Cancer genome sequencing has identified numerous somatic mutations whose
biologic relevance is uncertain. In this study, we used genome-editing tools to create and analyze targeted somatic mutations in murine models of
liver cancer.
Transcription activator-like effector nucleases (
TALEN) were designed against β-
catenin (Ctnnb1) and
adenomatous polyposis coli (Apc), two commonly mutated genes in
hepatocellular carcinoma (HCC), to generate isogenic HCC cell lines. Both mutant cell lines exhibited evidence of Wnt pathway dysregulation.
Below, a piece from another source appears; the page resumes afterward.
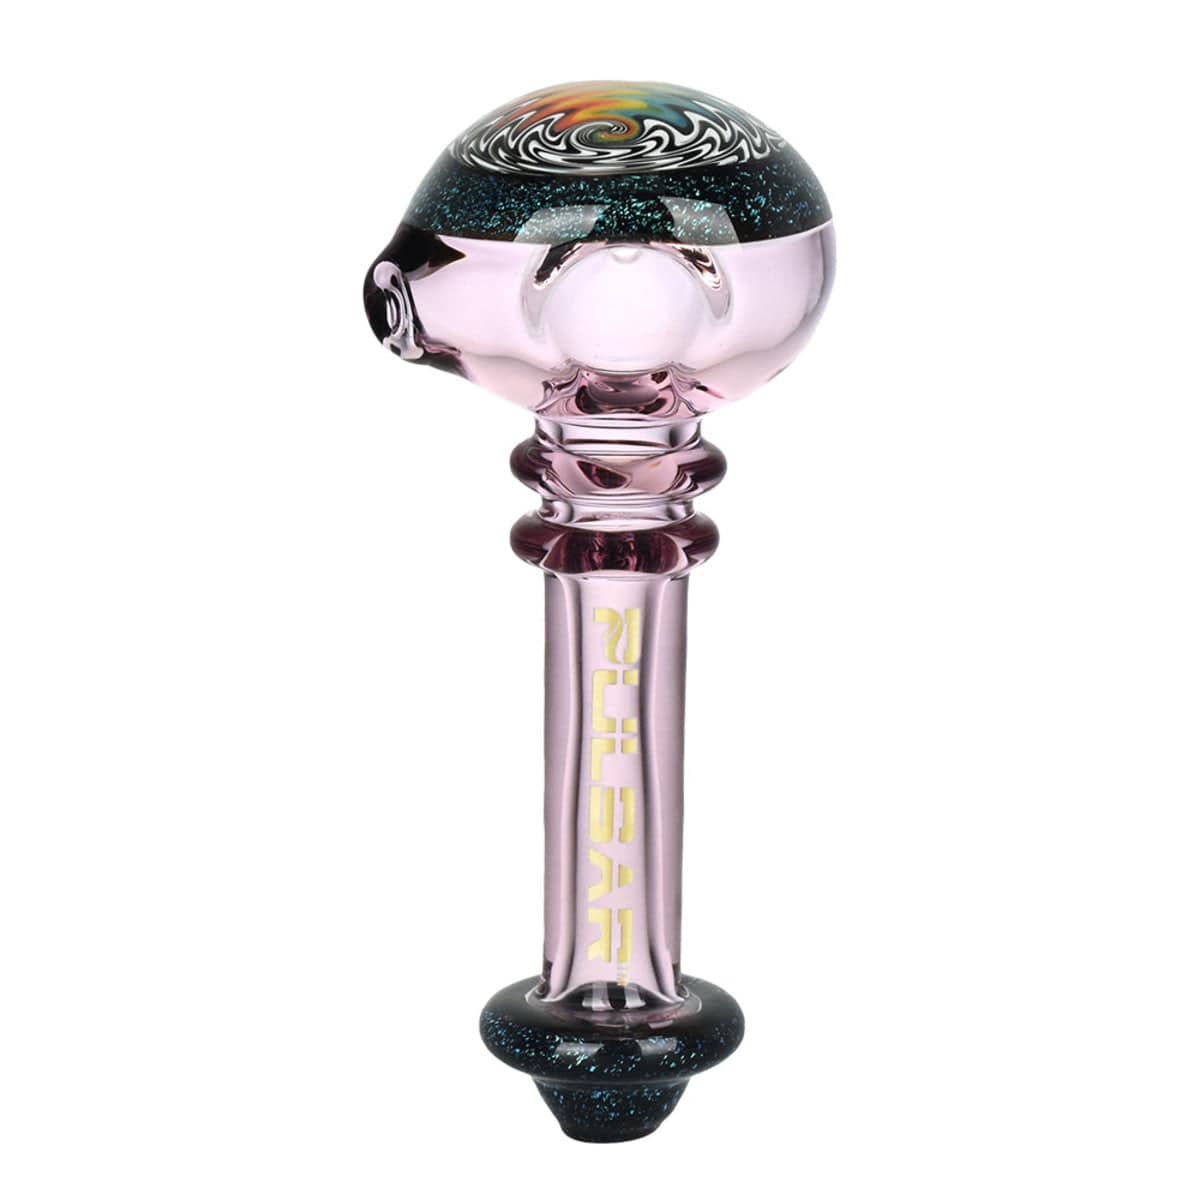 Gift Guru Hand Pipe HP146 Pulsar Oort Cloud Spoon Pipe - 4.5" / Colors Vary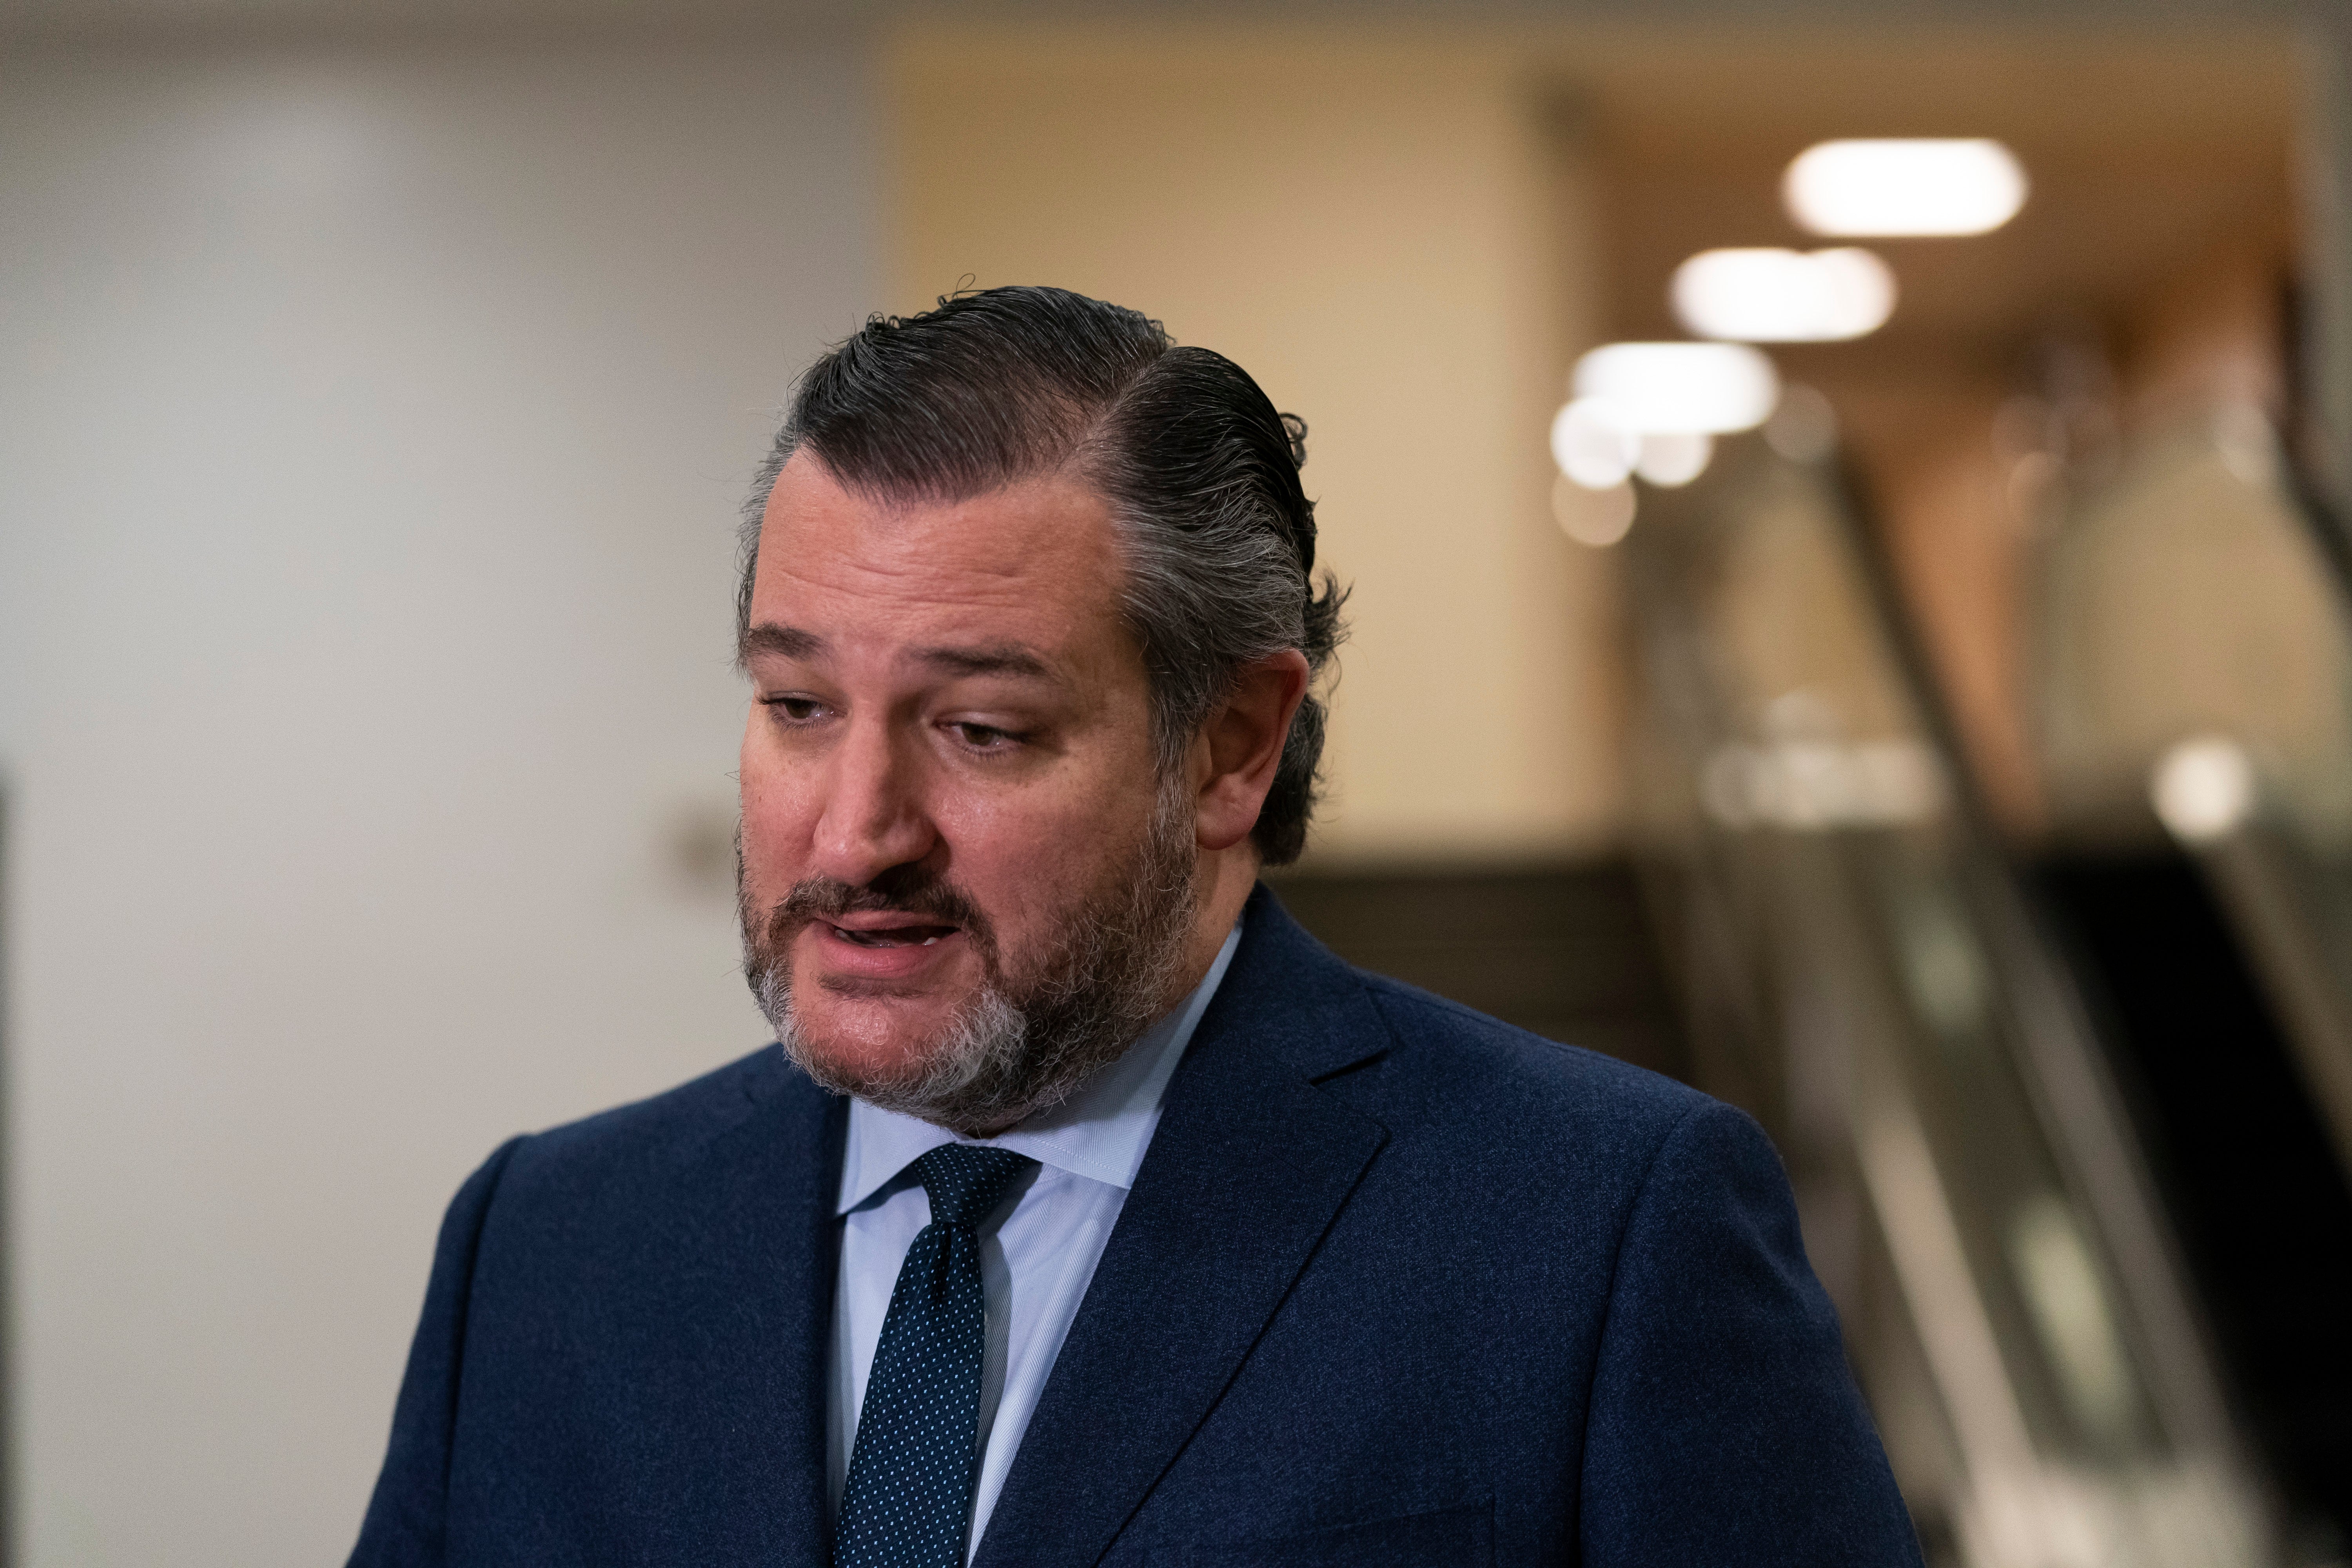 Ted Cruz calls for congressional investigation into Cuomo nursing home scandal

We asked whether these
TALENs could create targeted somatic mutations after hydrodynamic transfection into mouse liver.
TALENs targeting β-
catenin promoted endogenous HCC carrying the intended gain-of-function mutations. However,
TALENs targeting Apc were not as efficient in inducing in vivo homozygous loss-of-function mutations. We hypothesized that hepatocyte
polyploidy might be protective against
TALEN-induced loss of heterozygosity, and indeed Apc gene editing was less efficient in
tetraploid than in diploid hepatocytes. To increase efficiency, we administered adenoviral Apc
TALENs and found that we could achieve a higher mutagenesis rate in vivo. Our results demonstrate that genome-editing tools can enable the in vivo study of cancer genes and faithfully recapitulate the mosaic nature of mutagenesis in mouse
cancer models.
Cancer Res; 74(18); 5311-21. ©2014 AACR.